# Update on our 100 Gallon-*



## FishFreaks (May 15, 2011)

This is our 100 Gallon Aquarium. We've shown our tank on here before but our fish have grown so much we thought we'de give an update!
To give a reminder..This is what we started with:









This is what our tank looks like now...









About 4 months ago we bought a Texas Cichlid from King Ed's. Honestly he was only half an inch big, and got ick within the first month we had him.









Now he's absolutely beautiful with his pearls and his light blue colour.









We have our flowerhorn's aswell. One is a SuperRed Dragon/Fader and we brought him home from Island Pets about 3 months ago. He was about 2 inches back then and about 4 1/2 inches now. Also, I think this is a Killin Parrotfish, we got him from FishWorld, just a month ago. These fish just started fighting and lip locking, but seemed to have stopped.

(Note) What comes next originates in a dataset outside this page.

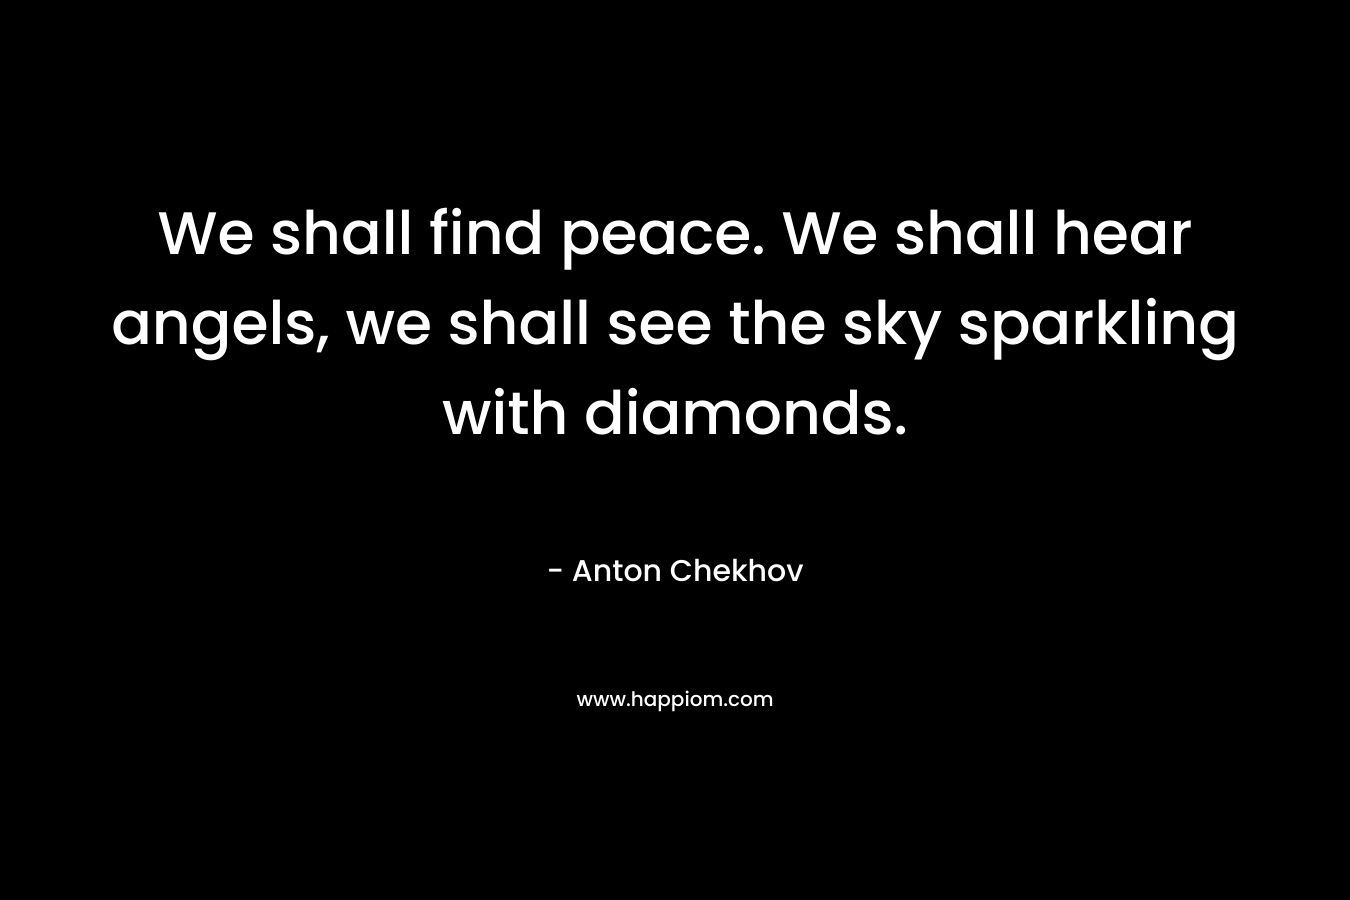 We shall find peace. We shall hear angels, we shall see the sky sparkling with diamonds.

And last we have the Redhead Cichlid, we bought this fish from Gale @ Petland. Wow, we've had him for about 2 1/2 months now and it has probably grown atleast 4 inches. It's honestly one of our nicest fish! This cichlid is about 51/2 inches now.









Thanks for looking, please send me your comments!​


----------



## trevorhoang (Oct 13, 2010)

wonderful tanks. i dont have room for any tanks past 50G. i would raise an arawana if i could


----------